Ancestry hashes thus form a direct hash chain, and otherwise have a one-to-one correspondence with checkpoint hashes.

During epoch $n$, validators are expected to send prepare and commit messages specifying $n$ as their $epoch$, and the ancestry hash of some checkpoint for epoch $n$ as their $hash$. Prepare messages are expected to specify as $hash_{source}$ a checkpoint for any previous epoch which is an ancestor of the $hash$, and which is \textit{justified} (see below), and the $epoch_{source}$ is expected to be the epoch of that checkpoint.

Each validator has a \textit{deposit size}; when a validator joins their deposit size is equal to the number of coins that they deposited, and from there on each validator's deposit size rises and falls as the validator receives rewards and penalties. For the rest of this paper, when we say ``$\frac{2}{3}$ of validators", we are referring to a \textit{deposit-weighted} fraction; that is, a set of validators whose combined deposit size equals to at least $\frac{2}{3}$ of the total deposit size of the entire set of validators. We also use ``$\frac{2}{3}$ commits" as shorthand for ``commits from $\frac{2}{3}$ of validators". At first, we will consider the set of validators, and their deposit sizes, static, but in later sections we will introduce the notion of validator set changes.

If, during an epoch $e$, for some specific ancestry hash $h$, for any specific ($epoch_{source}, hash_{source}$ pair), there exist $\frac{2}{3}$ prepares of the form $$[PREPARE, e, h, epoch_{source}, hash_{source}]$$, then $h$ is considered \textit{justified}. If $\frac{2}{3}$ commits are sent of the form $$[COMMIT, e, h]$$ then $h$ is considered \textit{finalized}.

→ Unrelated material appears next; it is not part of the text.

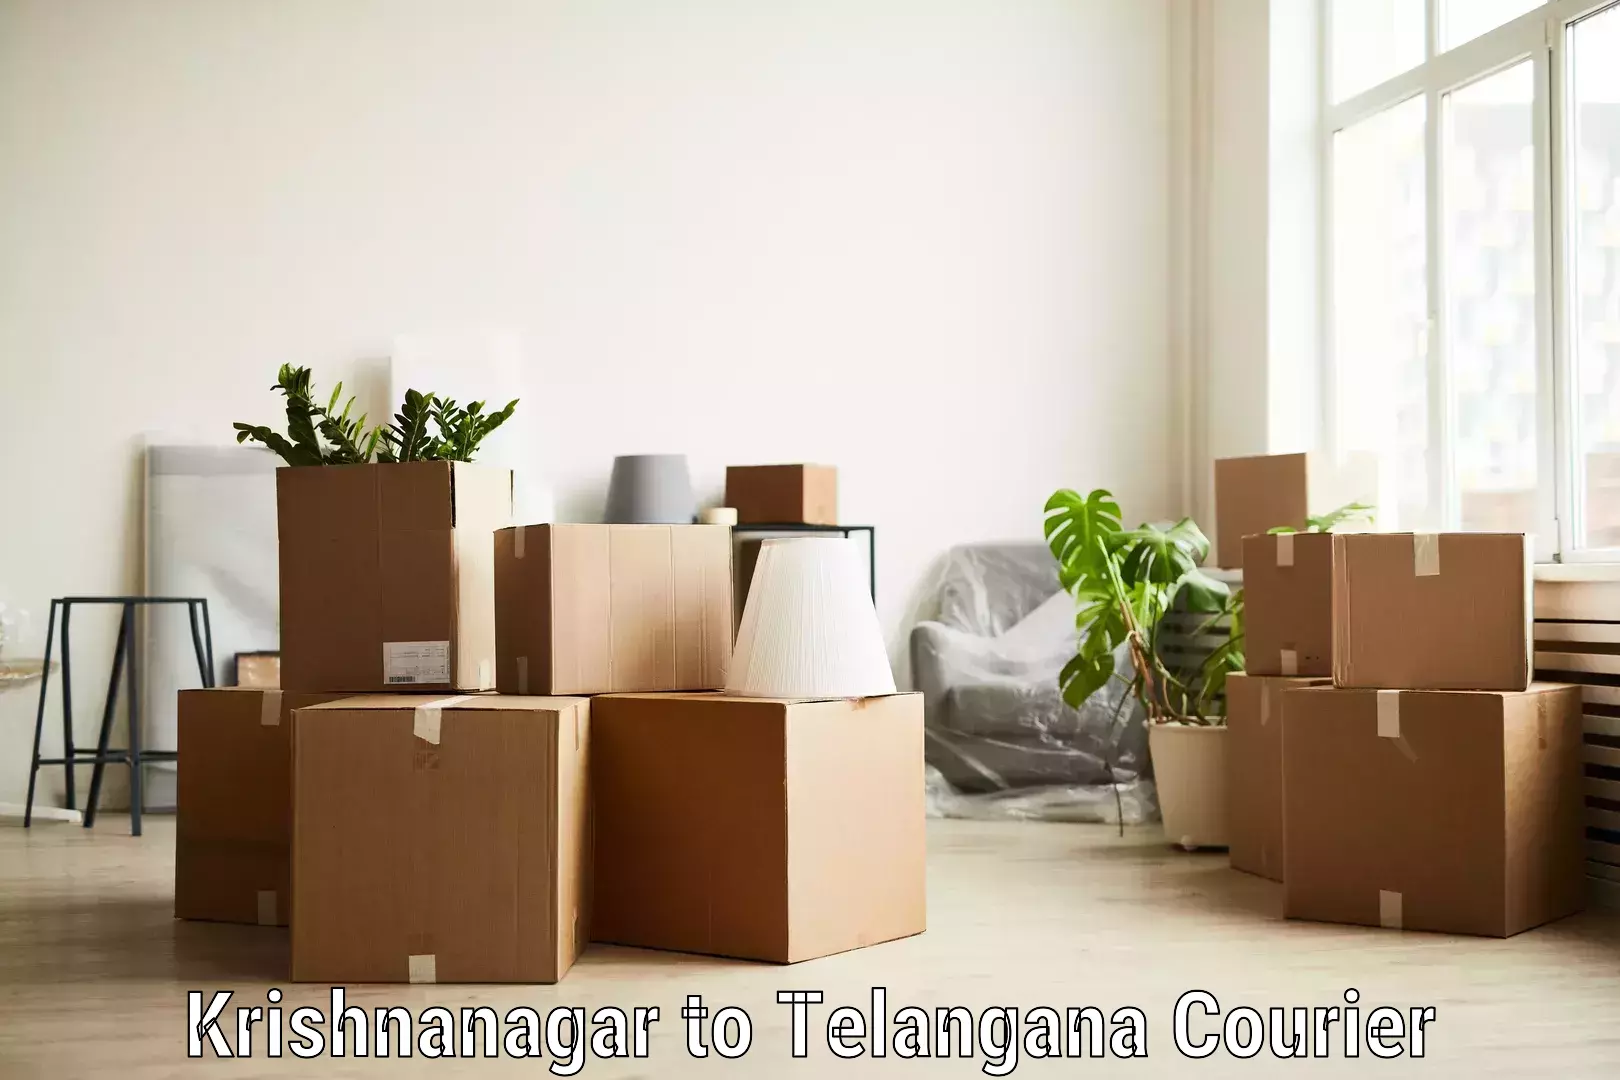 Sustainable delivery practices Krishnanagar to Balanagar

We also add the following requirements:

\begin{itemize}
\item For a checkpoint to be finalized, it must be justified.
\item For a checkpoint to be justified, the $hash_{source}$ used to justify it must itself be justified.
\item Prepare and commit messages are only accepted as part of blocks; that is, for a client to see $\frac{2}{3}$ commits of some hash, they must receive a block such that in the chain terminating at that block $\frac{2}{3}$ commits for that hash have been included and processed.
\end{itemize}

This gives substantial gains in implementation simplicity, because it means that we can now have a fork choice rule where the ``score'' of a block only depends on the block and its children, putting it into a similar category as more traditional PoW-based fork choice rules such as the longest chain rule and GHOST. However, this fork choice rule is also \textit{finality-bearing}: there exists a ``finality'' mechanism that has the property that (i) the fork choice rule always prefers finalized blocks over non-finalized competing blocks, and (ii) it is impossible for two incompatible checkpoints to be finalized unless at least $\frac{1}{3}$ of the validators violated a \textit{slashing condition} (see below).

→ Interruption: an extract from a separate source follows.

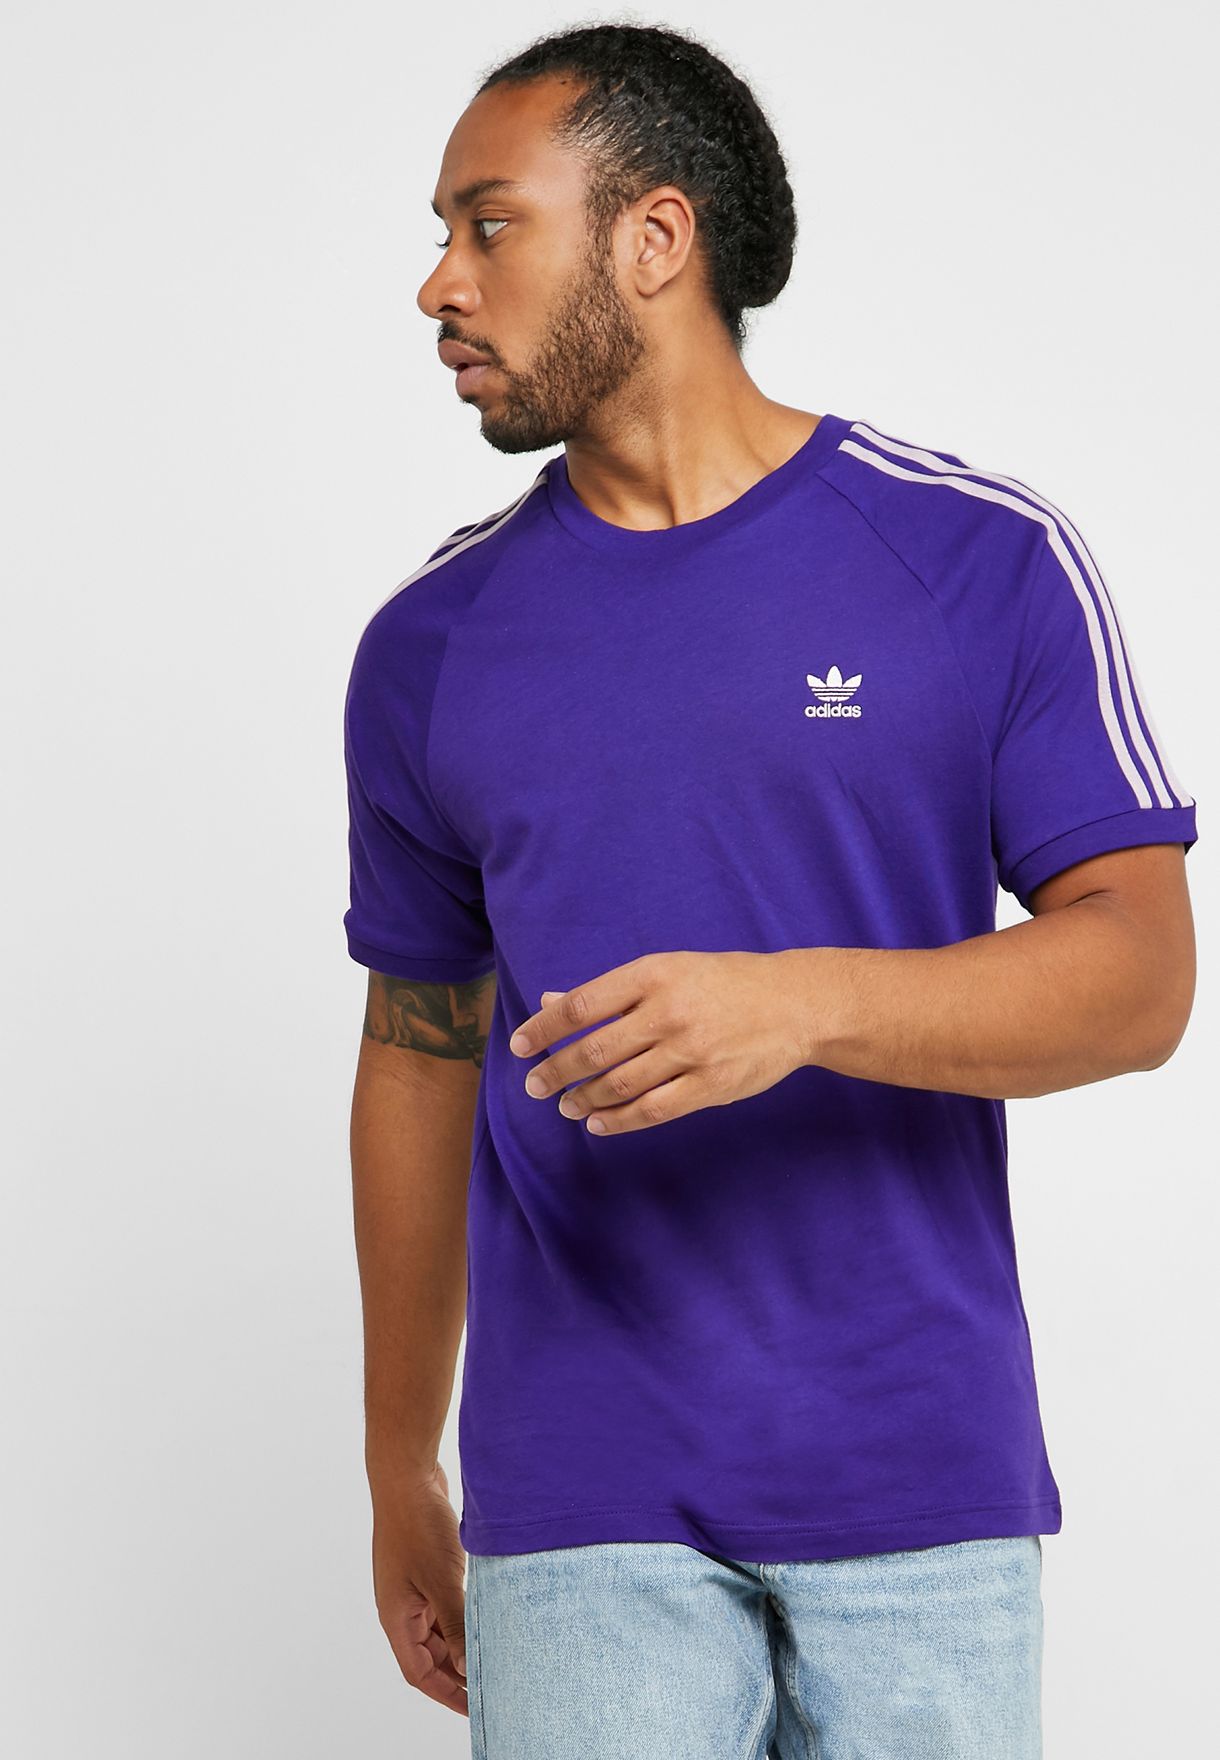 t shirt adidas violet

There are two slashing conditions:

\begin{enumerate}
\item \textbf{NO\_DBL\_PREPARE}: a validator cannot prepare two different checkpoints for the same epoch.
\item \textbf{PREPARE\_COMMIT\_CONSISTENCY}: if a validator has made a commit with epoch $n$, they cannot make a prepare with $epoch > n$ and $epoch_{source} < n$.
\end{enumerate}

Earlier versions of Casper had four slashing conditions, but we can reduce to two because of the three modifications above; they ensure that blocks will not register commits or prepares that violate the other two conditions.

\section{Proof Sketch of Safety and Plausible Liveness}

We give a proof sketch of two properties of this scheme: \textit{accountable safety} and \textit{plausible liveness}. Accountable safety means that two conflicting checkpoints cannot be finalized unless at least $\frac{1}{3}$ of validators violate a slashing condition. Honest validators will not violate slashing conditions, so this implies the usual Byzantine fault tolerance safety property, but expressing this in terms of slashing conditions means that we are actually proving a stronger claim: if two conflicting checkpoints get finalized, then at least $\frac{1}{3}$ of validators were malicious, \textit{and we know whom to blame, and so we can maximally penalize them in order to make such faults expensive}.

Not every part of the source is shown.